Si me eligieran alcaldesa

Luisa Pernalete
lpernalete8@gmail.com

 

Los ciudadanos merecen trato amable, por eso implantaría “la política de la delicadeza”

 

La verdad es poco probable, puesto que no me postularon y tengo suficiente con ser de la Junta de Condominio, cargo que es una mezcla de juez de paz y alcaldesa. Pero juguemos a que me eligen, ¿qué haría?

Comenzaría por regalar todas las franelas del partido que me ha postulado, pues estaría clara que hay que gobernar para todos, le pediría lo mismo al equipo de confianza que me acompañe.

En segundo lugar, pondría un gran aviso en la cartelera de mi despacho: “el niño, la niña y el adolescente son prioridad absoluta para las leyes venezolanas”, y por si acaso, no sea que alguno no sepa qué significa, pondría en un recuadro: “eso quiere decir que a la hora de asignar recursos y elaborar políticas, ellos van primero, quiere decir que ningún niño debe quedarse sin estudiar por falta de cupo, significa que los centros educativos van antes que los festejos, tarimas, viajes y afines”.

En tercer lugar, junto a la Carta Magna, colocaría la autobiografía de Mandela y convocaría a todo mi equipo a un círculo de estudio sobre este hombre, lo tendría como ejemplo y recordaría lo que él decía: que en todas partes hay gente buena, que un buen líder no busca exacerbar ánimos sino el entendimiento entre los ciudadanos…

Pondría otro aviso: “soy un servidor público, nadie tiene que agradecer que haga mi trabajo”. Estaría clara de que manejaría dineros públicos, y que administrar bien no es un favor, es un deber.

Transparencia sería palabra clave.

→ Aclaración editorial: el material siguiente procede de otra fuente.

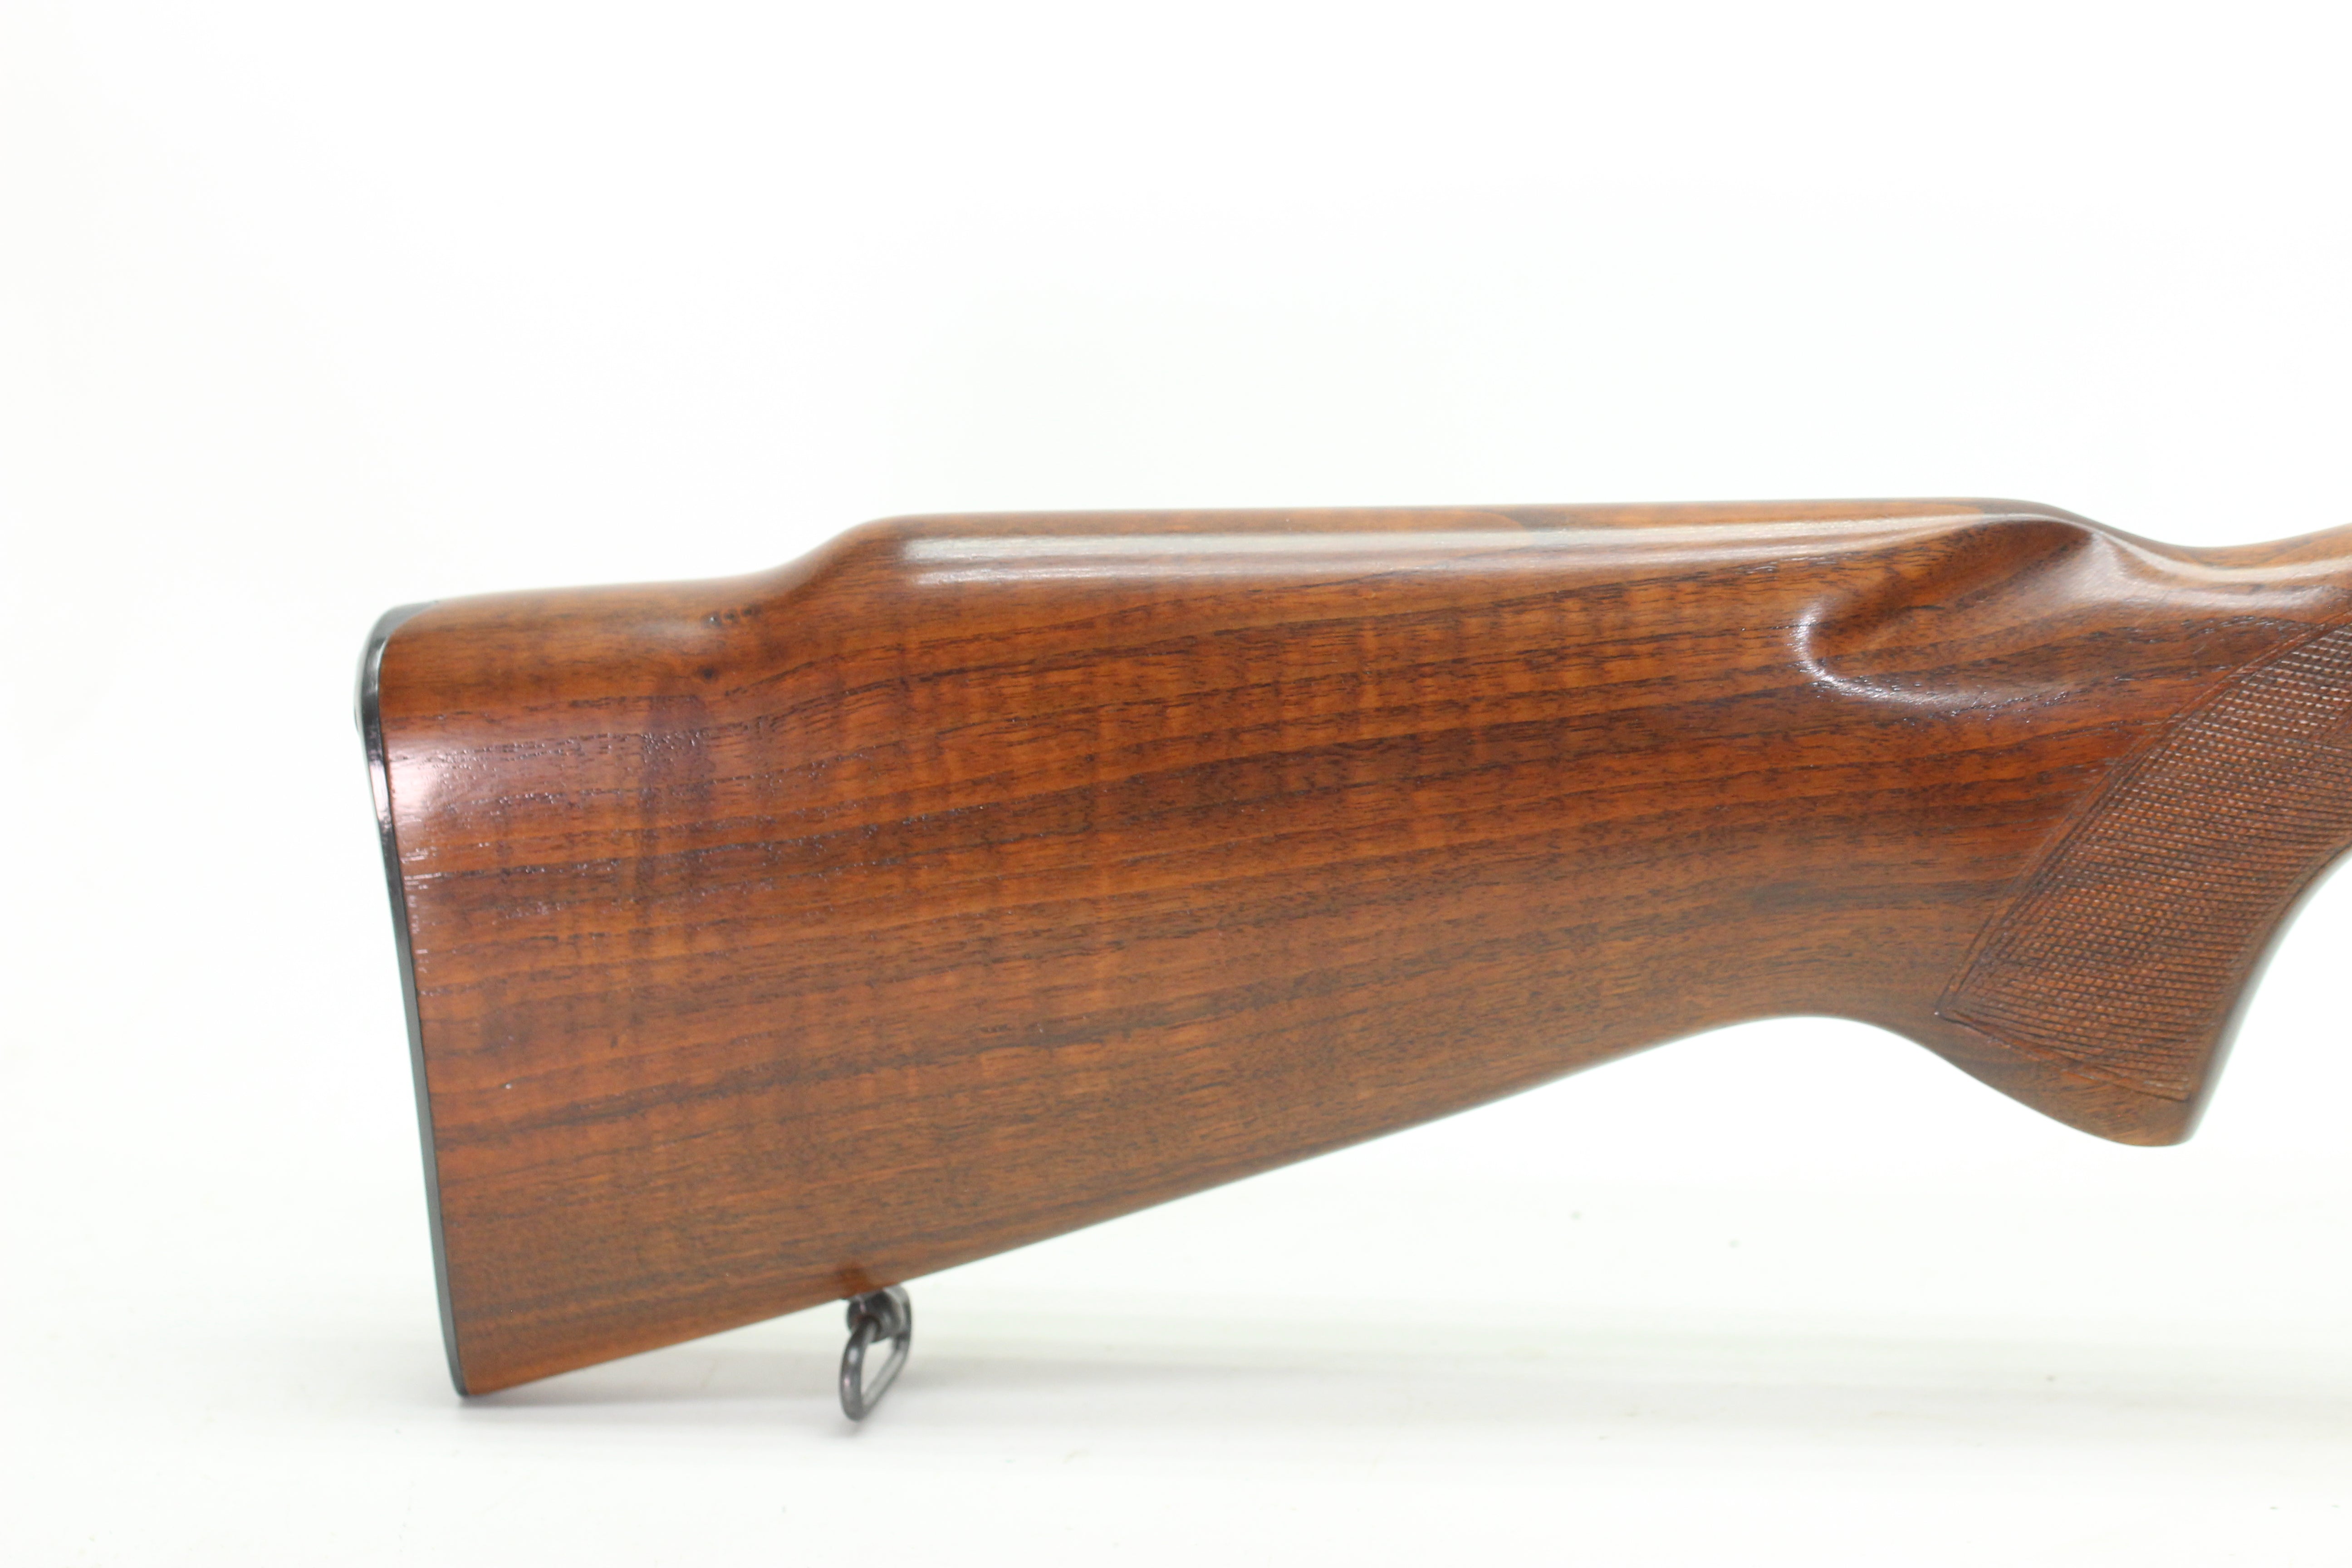 .30-06 Springfield Standard Rifle - 1951

Así debería ser la gestión, abierta a todo ciudadano que quiera saber para dónde van los impuestos o los proyectos, o las licitaciones. La carpeta de “expedientes secretos X” estaría vacía.

De vez en cuando me iría al trabajo en autobús, para ver qué se siente andar sin protección especial, para ver cuánto tardo en llegar, para tener presente que los cargos son temporales.

Pondría un espejo en cada pasillo, no para que los funcionarios vean sus medidas sino para que se digan verdades y, de paso, sonrían y se contagien de sus propias sonrisas. Los ciudadanos merecen trato amable, por eso implantaría “la política de la delicadeza”, instauraría el premio al servidor público. Compraría un rollo de tirro para sellar mi boca y escuchar el doble de lo que hablo.

Fortalecería el departamento de Justicia de Paz, conforme a las atribuciones que la CRVB tiene (art. 167) y daría especial respaldo a la Justicia de Paz Escolar para contribuir a reducir la violencia en los centros educativos.

En realidad no se necesita mucha creatividad sino pensar que ese es un cargo serio y, por tanto, debe asumirse con seriedad.